Gottfried Wilhelm von Leibniz, New Essays on Human Understanding

Abstract. For centuries, philosophers have sought universal categories for classifying everything that exists, lexicographers have sought universal terminologies for defining everything that can be said, and librarians have sought universal headings for storing and retrieving everything that has been written. During the 1970s, the ANSI SPARC committee proposed the three-schema architecture for defining and integrating the database systems that manage the world economy. Today, the semantic web has enlarged the task to the level of classifying, labeling, defining, finding, integrating, and using everything on the World Wide Web, which is rapidly becoming the universal repository for all the accumulated knowledge, information, data, and garbage of humankind. This talk surveys the issues involved, the approaches that have been successfully applied to small systems, and the ongoing efforts to extend them to distributed, interconnected, rapidly growing, heterogeneous systems.

Contents:

1. What is Ontology?

2. Some Modern Systems

3. Trees, Lattices, and Other Hierarchies

4. Notations for Logic

5. Ontology Sharing and Merging

6. Glossary

References

This paper consists of excerpts from previously published articles by John F. Sowa, updated with new material about ongoing projects on ontology and their implications for databases, knowledge bases, and the semantic web. For more background on these and related topics, see the book Knowledge Representation.

1. What is Ontology?

The subject of ontology is the study of the categories of things that exist or may exist in some domain. The product of such a study, called an ontology, is a catalog of the types of things that are assumed to exist in a domain of interest D from the perspective of a person who uses a language L for the purpose of talking about D. The types in the ontology represent the predicates, word senses, or concept and relation types of the language L when used to discuss topics in the domain D. An uninterpreted logic is ontologically neutral: It imposes no constraints on the subject matter or the way the subject is characterized. By itself, logic says nothing about anything, but the combination of logic with an ontology provides a language that can express relationships about the entities in the domain of interest.
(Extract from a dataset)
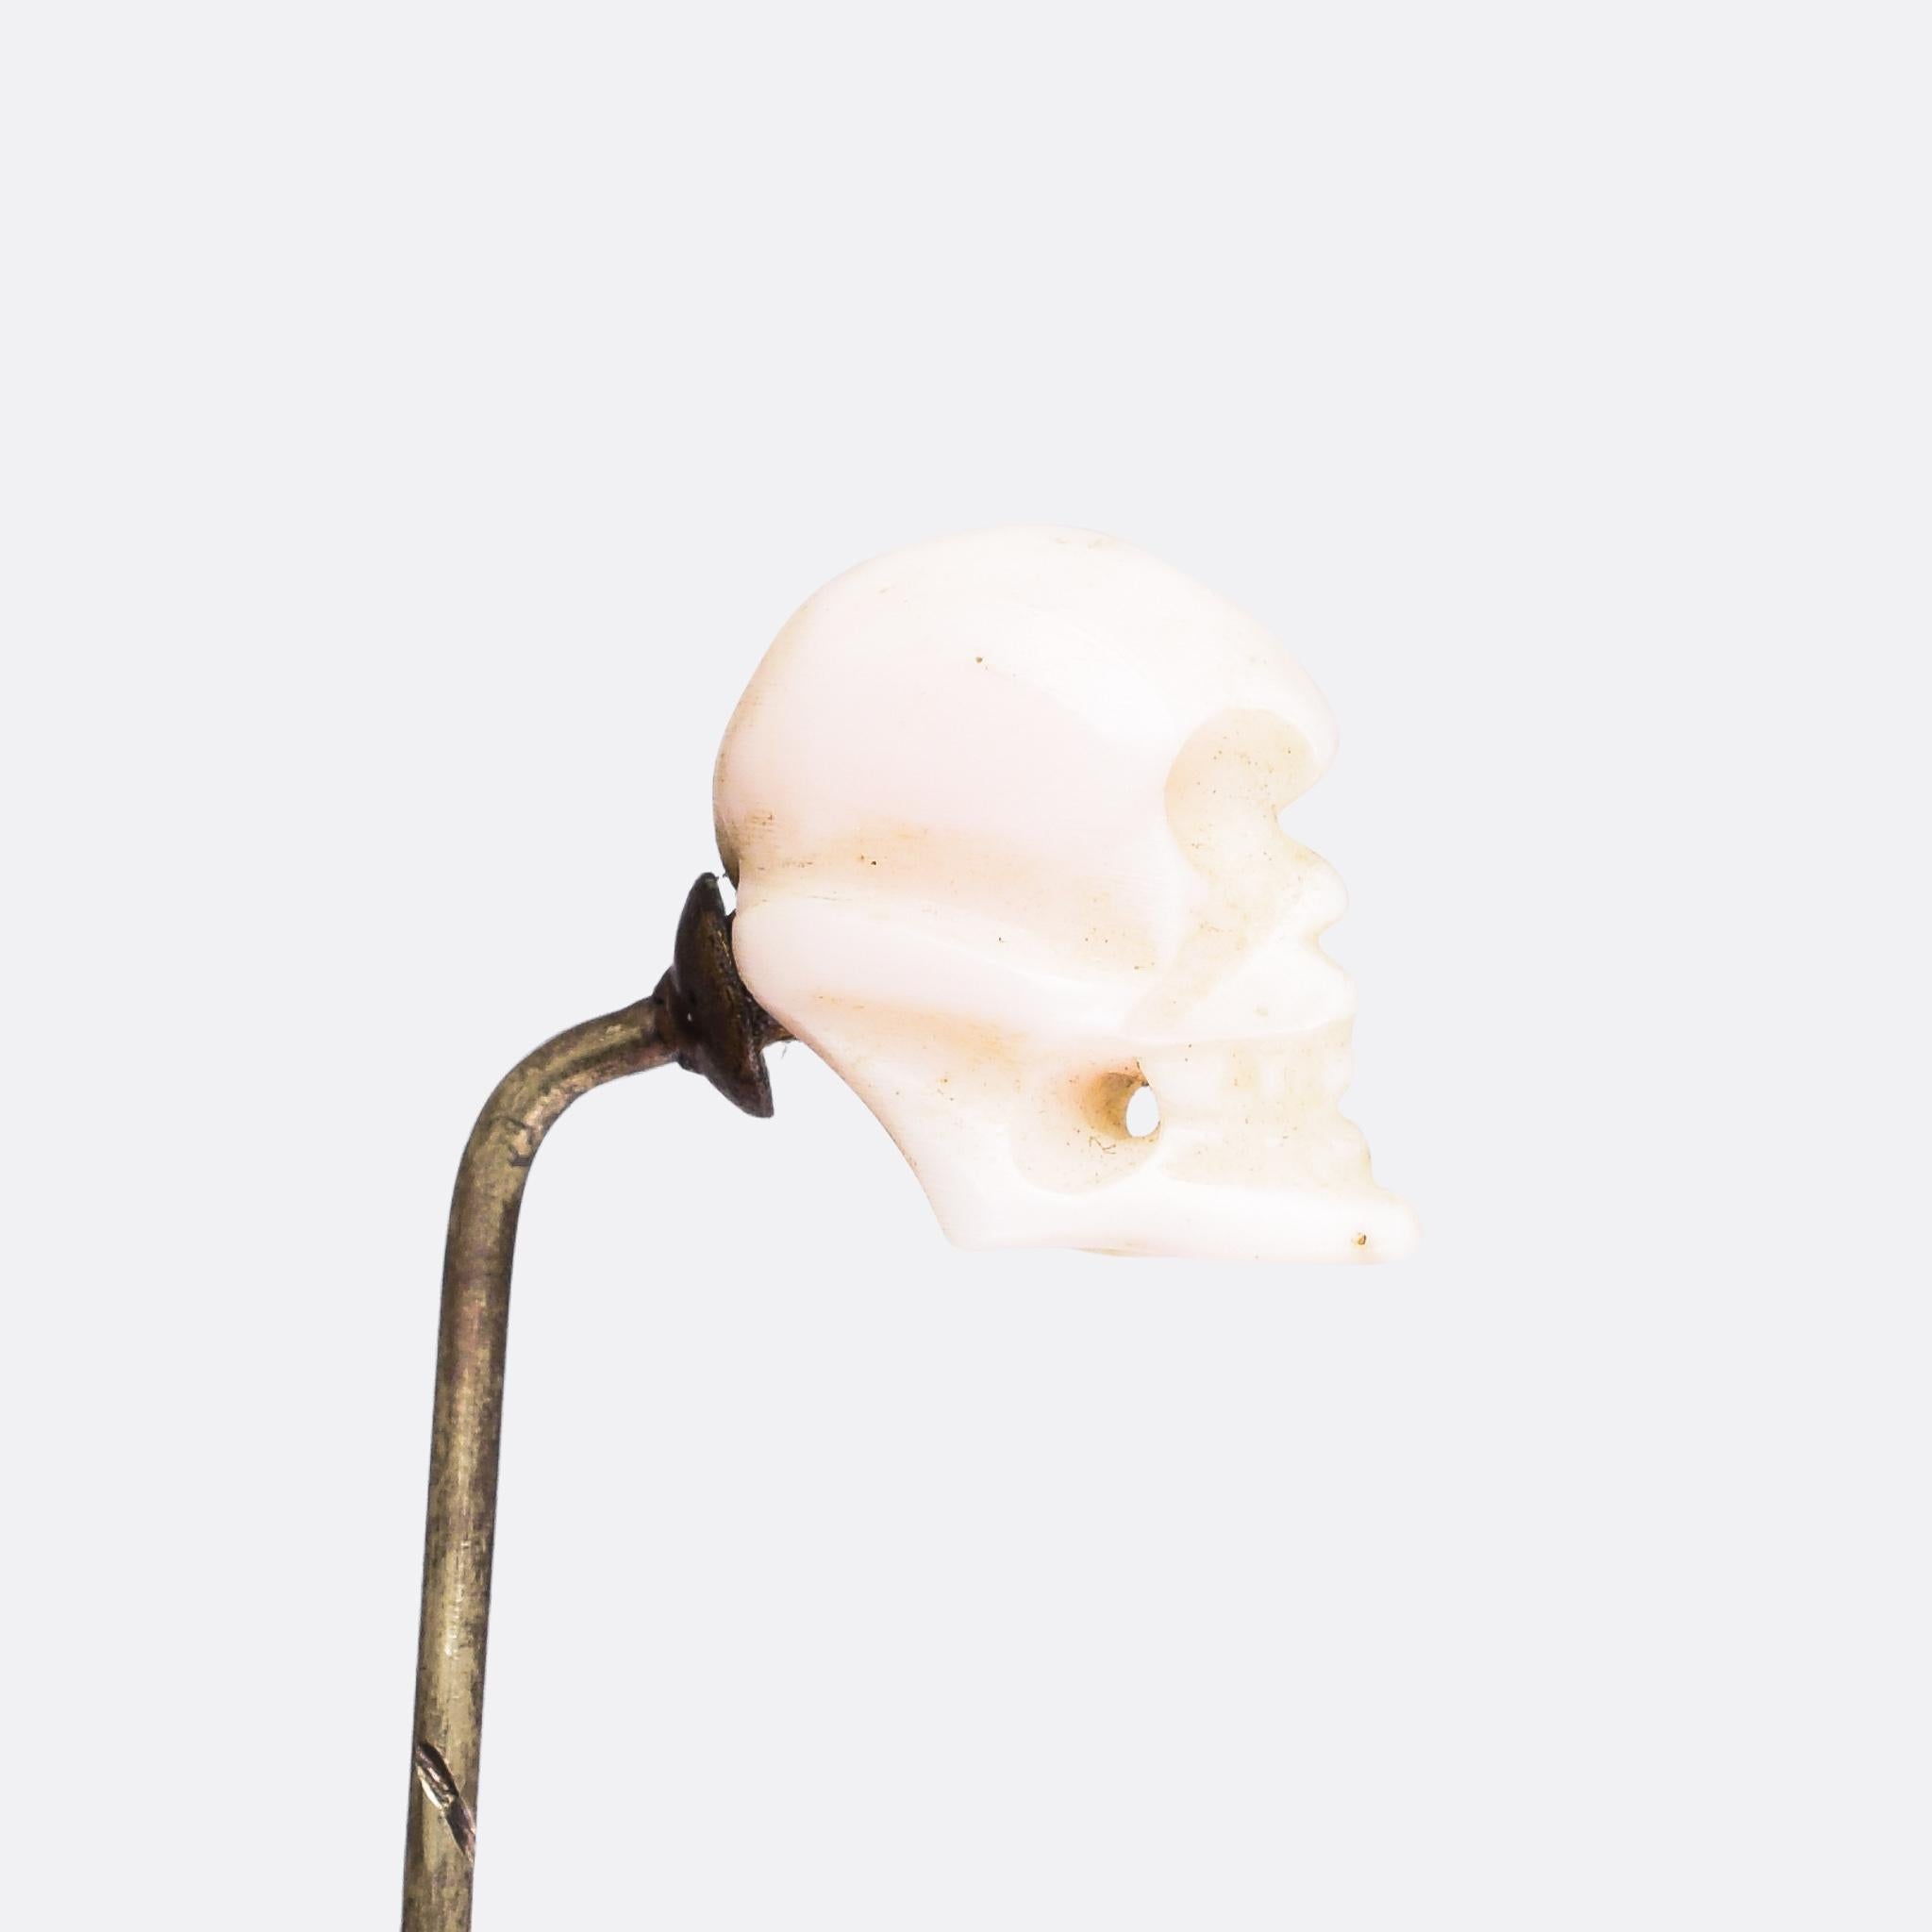 A cool antique stick pin featuring a carved coral skull. It dates from the Victorian era, circa 1880, and remains in excellent condition. The features of the skull are ever-so-slightly exaggerated, giving it an almost cartoon-like

Aristotle's Categories. The word ontology comes from the Greek ontos for being and logos for word. It is a relatively new term in the long history of philosophy, introduced by the 19th century German philosophers to distinguish the study of being as such from the study of various kinds of beings in the natural sciences. The traditional term for the types of beings is Aristotle's word category, which he used for classifying anything that can be said or predicated about anything. In the first treatise in his collected works, Aristotle presented ten basic categories, which are shown at the leaves of the tree in Figure 1. That tree is based on a diagram by the Viennese philosopher Franz Brentano (1862).

Figure 1: Aristotle's categories

To connect the categories of Figure 1, Brentano added some terms taken from other works by Aristotle, including the top node Being and the terms at the branching nodes: Accident, Property, Inherence, Directedness, Containment, Movement, and Intermediacy.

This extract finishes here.